> _Supplied data_
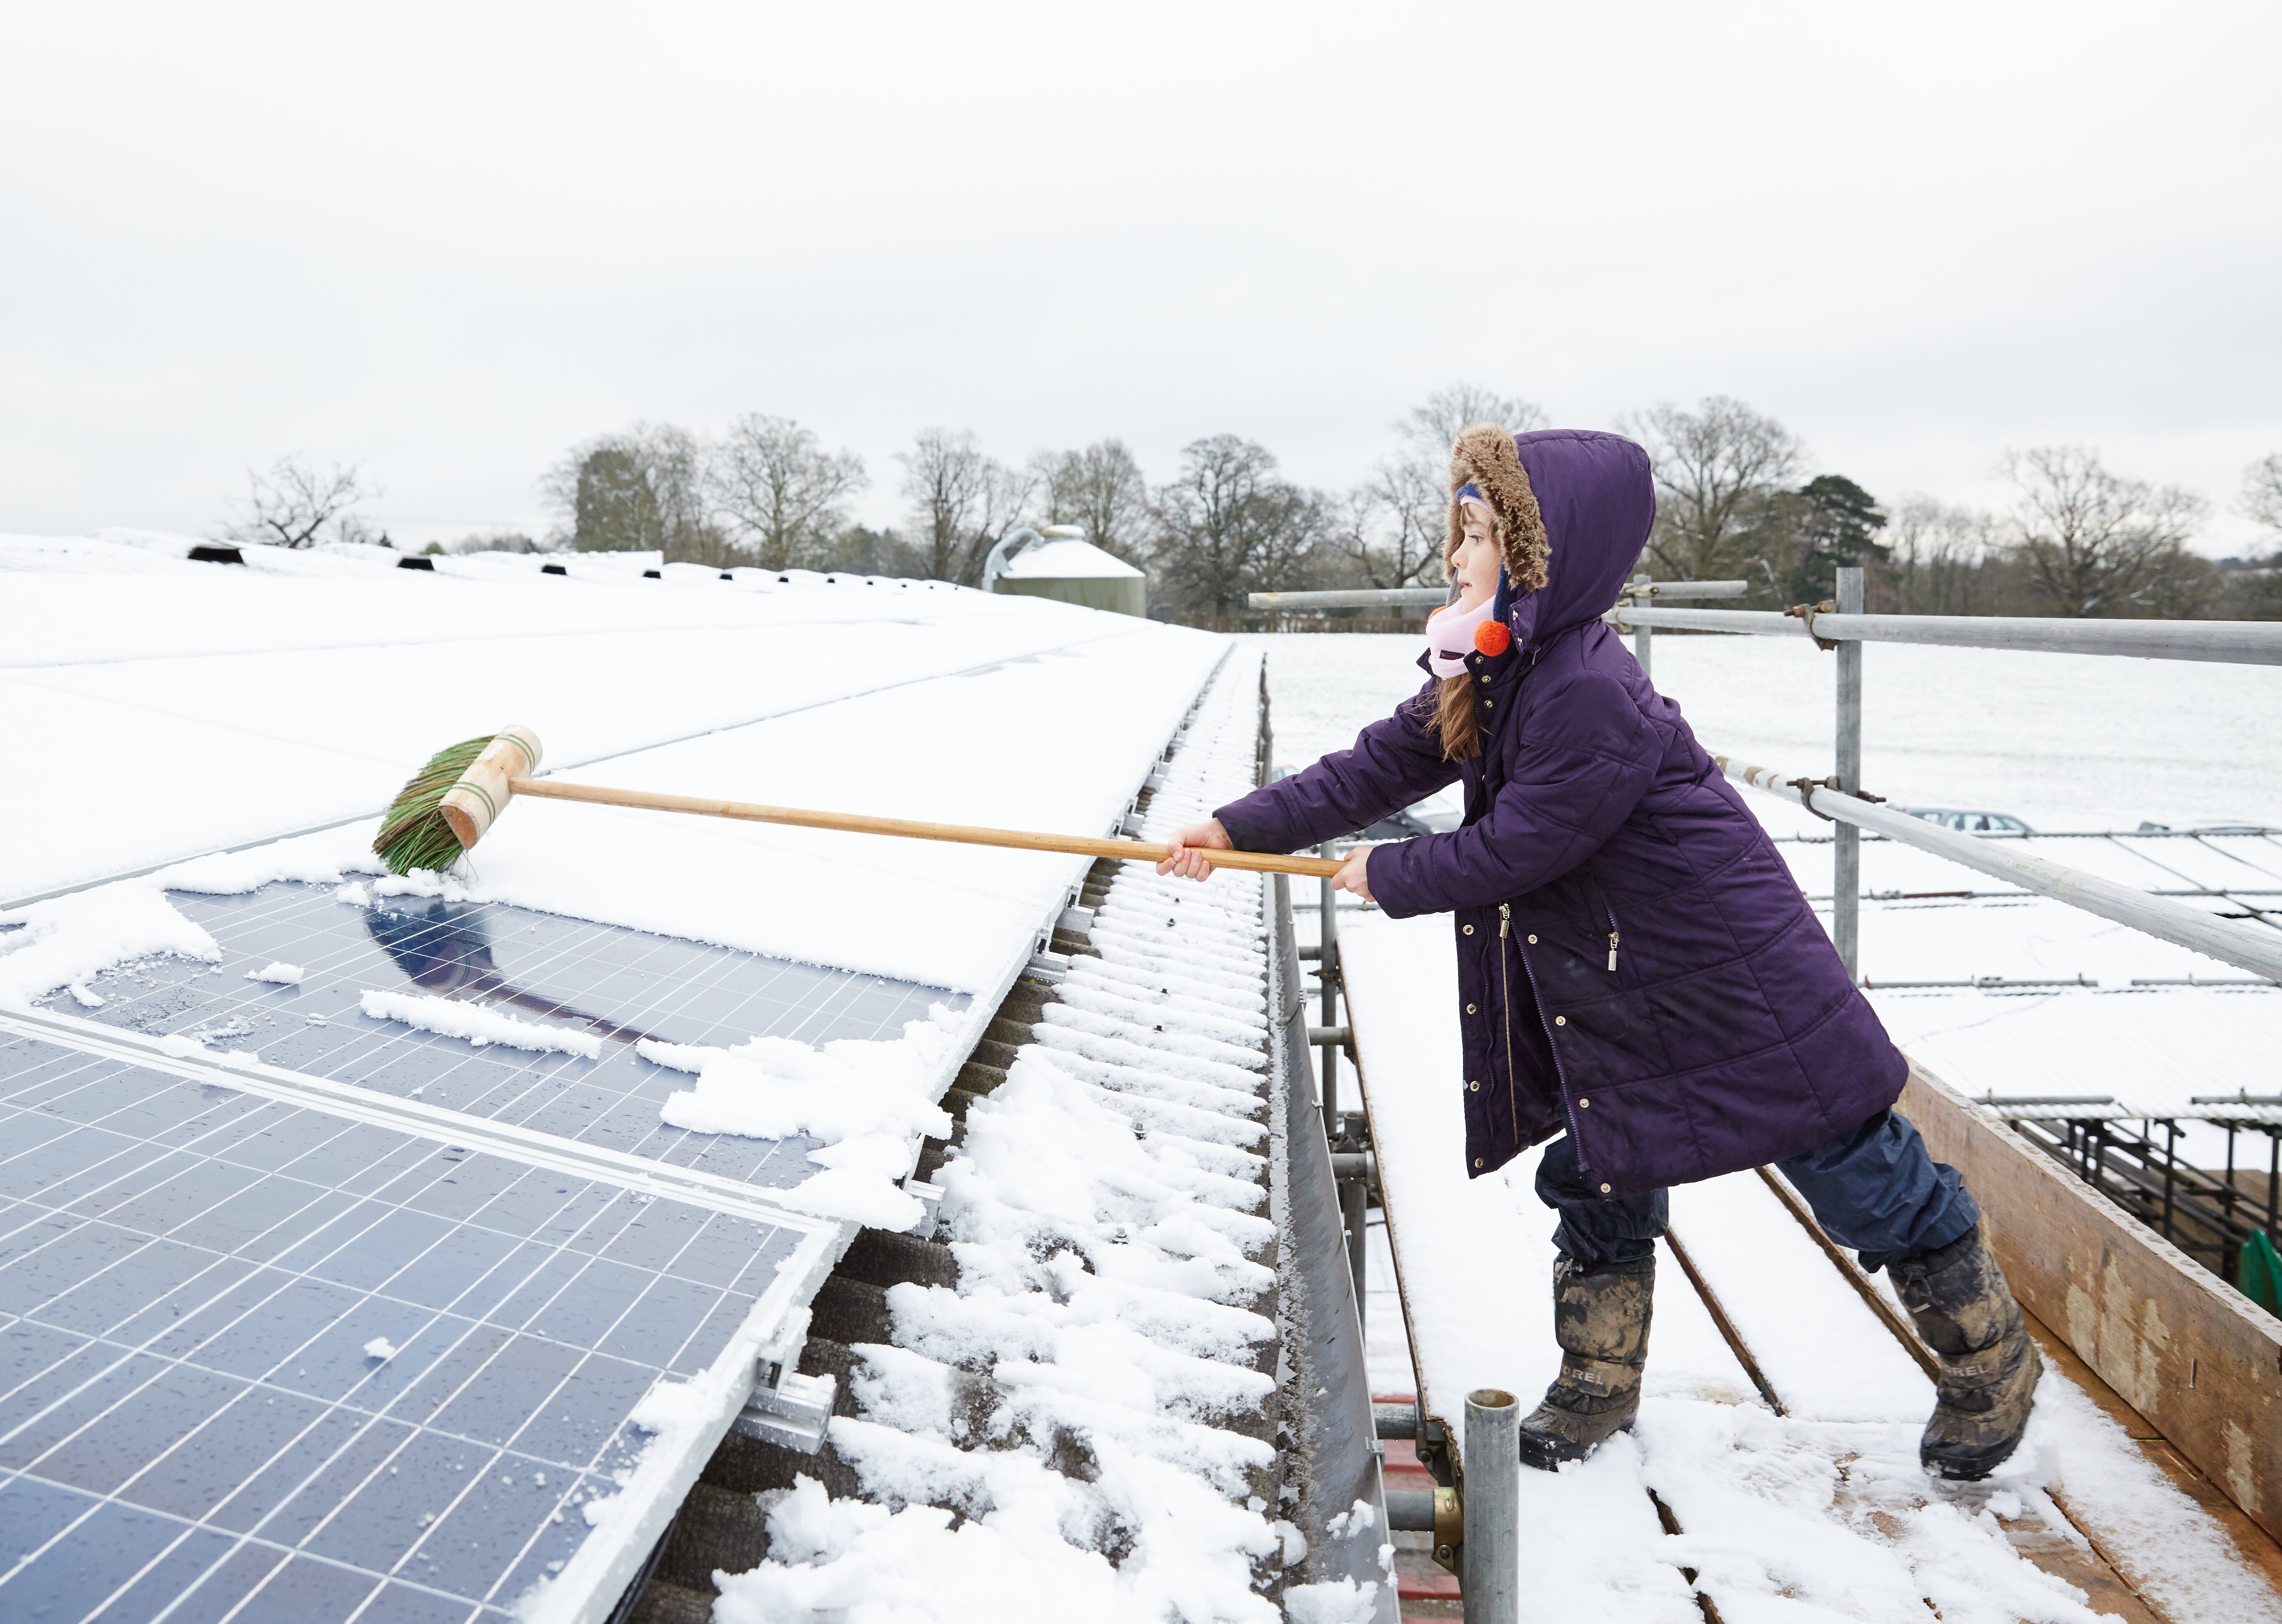 Niña limpiando paneles solares fotovoltaicos de la nieve en Grange Farm, Balcombe, Reino Unido. Foto: Balcombe.
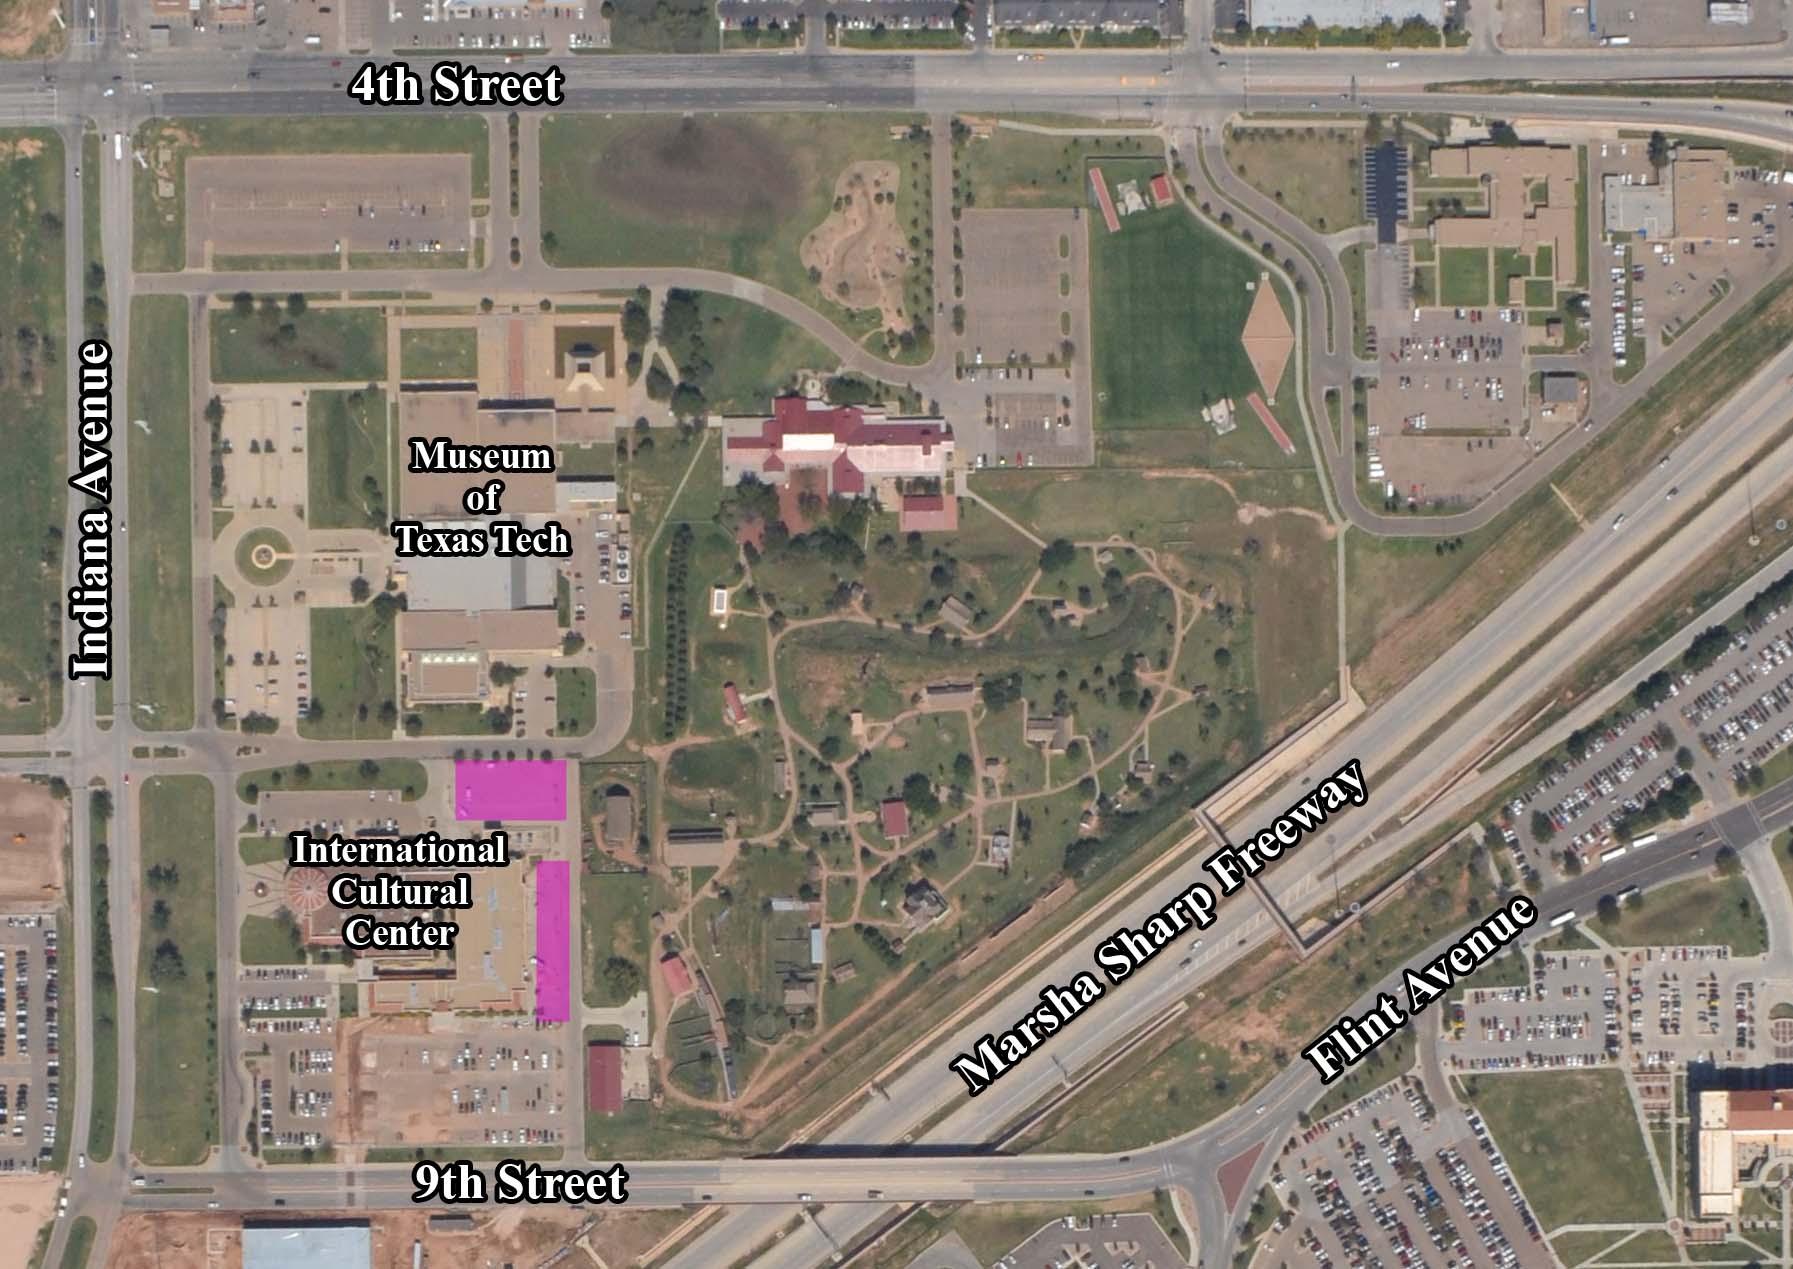 Campus Maps | Transportation & Parking Services | Ttu - Texas Tech Campus Map
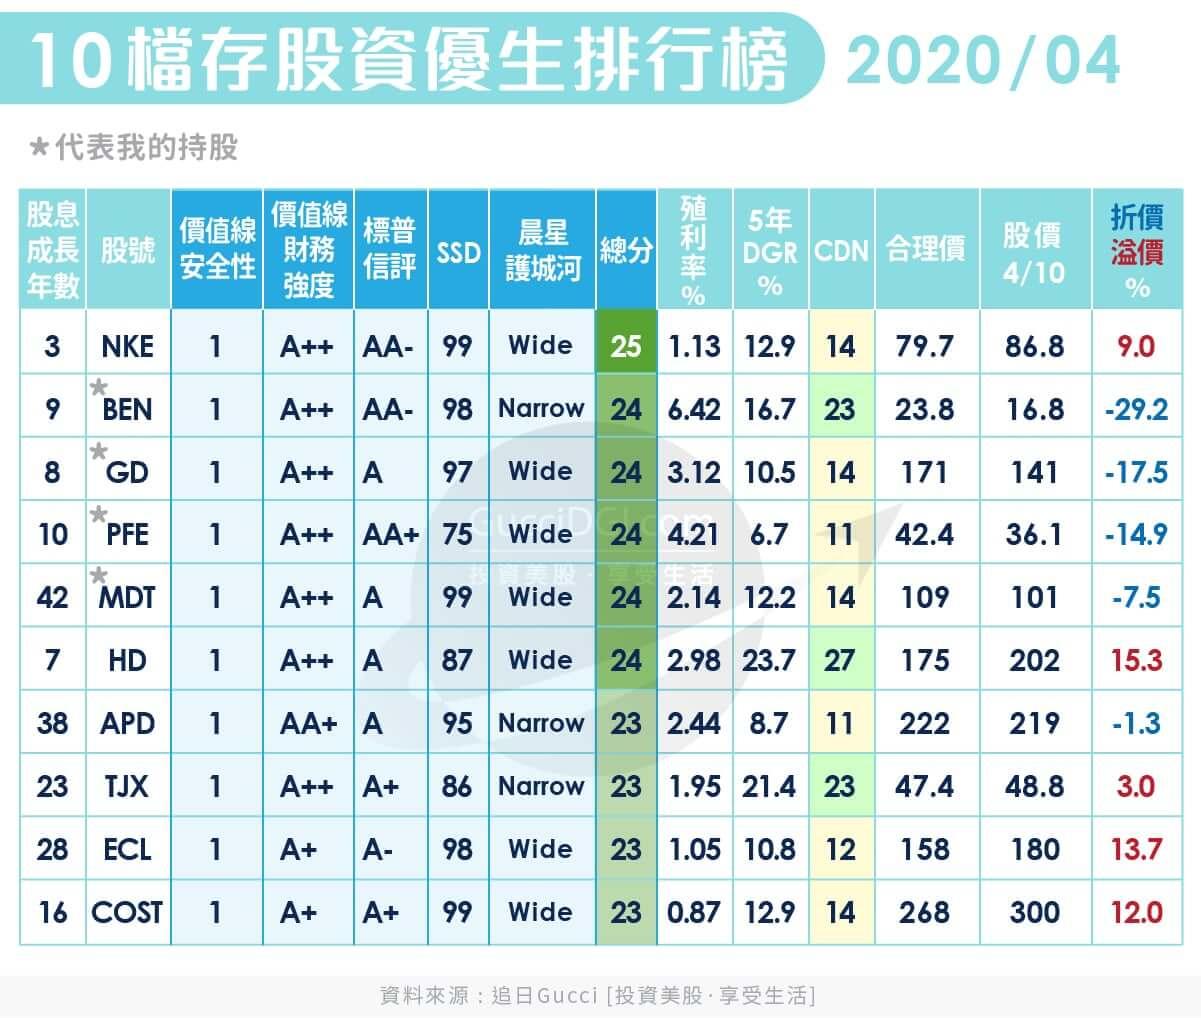 Top10 Dividend Growth 2020 April

> _Exercise goal_
Restate the entire listing word for word, excluding pictures.

> _Result of the task_
 Niña limpiando paneles solares fotovoltaicos de la nieve en Grange Farm, Balcombe, Reino Unido. Foto: Balcombe.
 Campus Maps | Transportation & Parking Services | Ttu - Texas Tech Campus Map
 Top10 Dividend Growth 2020 April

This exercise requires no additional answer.